Pick a large enough prime $P$ and a small $\epsilon>0$. Fix coprime $A$ and $B$ of size $P^{\frac13+\epsilon}$ roughly where $AB=P'-P$ holds at some prime $P'$.
Set $\alpha P'\equiv A^2\bmod P$ and $\beta P'\equiv B^2\bmod P$. Note this implies $\alpha B^2-\beta A^2\equiv0\bmod P$
Find $M,N$ of size $P^{\frac23+2\epsilon}$ at most such that $P|(\alpha B N - \beta A M)$ and $(MN,AB)=1$.

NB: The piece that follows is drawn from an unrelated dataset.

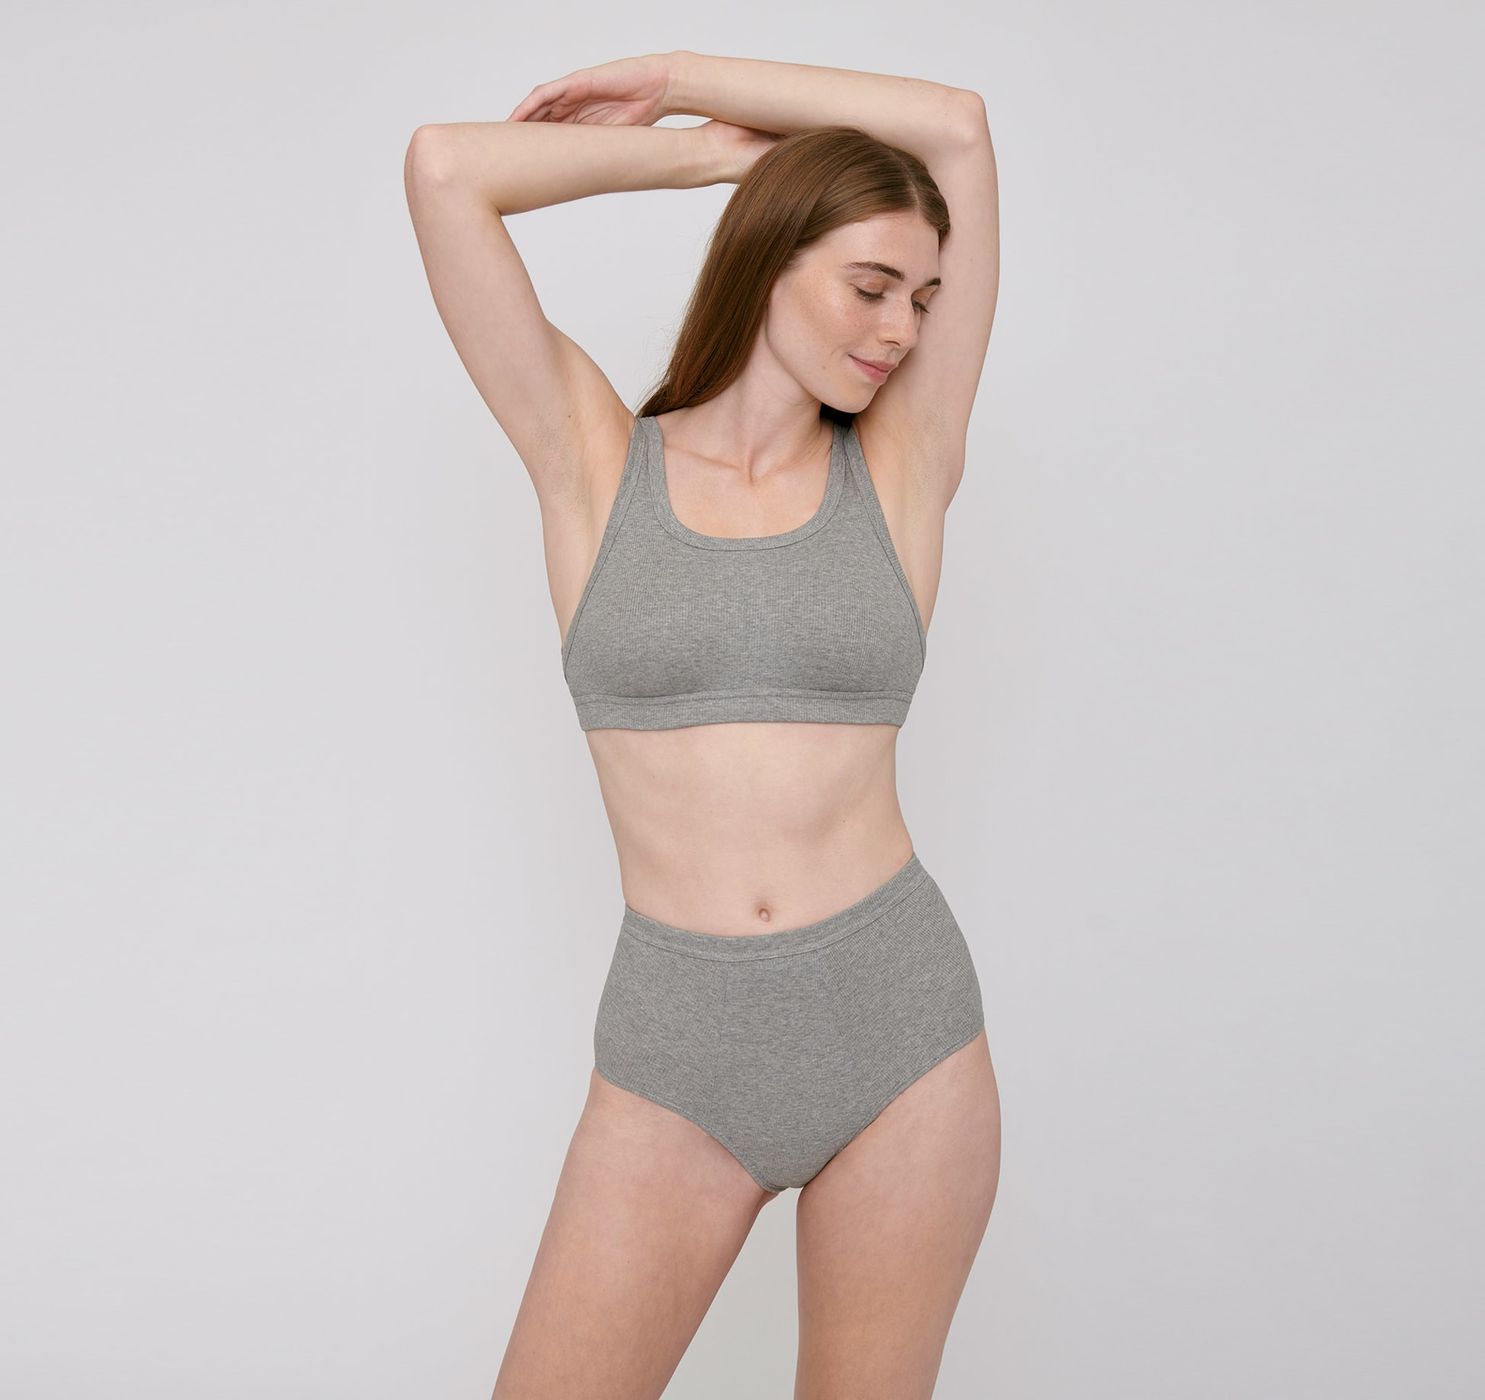 Organic Cotton Underwear For Women - Frank And Oak Canada Bra And Bralette  Collection Launch

Is there $m,n$ such that if $$r\equiv\frac{(Mm+Nn)}{(A m + B n)}\bmod P$$ then either $r$ or $P-r$ is of size at most $P^{\frac13+2\epsilon}$ and $(\alpha B m + \beta A n)^{-1}\bmod P$ exists?

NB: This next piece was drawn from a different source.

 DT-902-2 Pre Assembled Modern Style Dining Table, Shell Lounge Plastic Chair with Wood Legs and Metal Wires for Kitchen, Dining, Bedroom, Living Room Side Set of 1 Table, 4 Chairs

Note $r\equiv\frac{(Mm+Nn)}{(A m + B n)}\bmod P$ is same as $(M-rA)m\equiv n(rB-N)\bmod P$.
So naively taking $n\equiv (M-rA)\bmod P$ and $m\equiv(rB-N)\bmod P$ would give $(\alpha B m + \beta A n)\equiv (\alpha B (rB-N) + \beta A (M-rA))\equiv r(\alpha B^2-\beta A^2)\equiv0\bmod P$ and so $(\alpha B m + \beta A n)^{-1}\bmod P$ does not exist.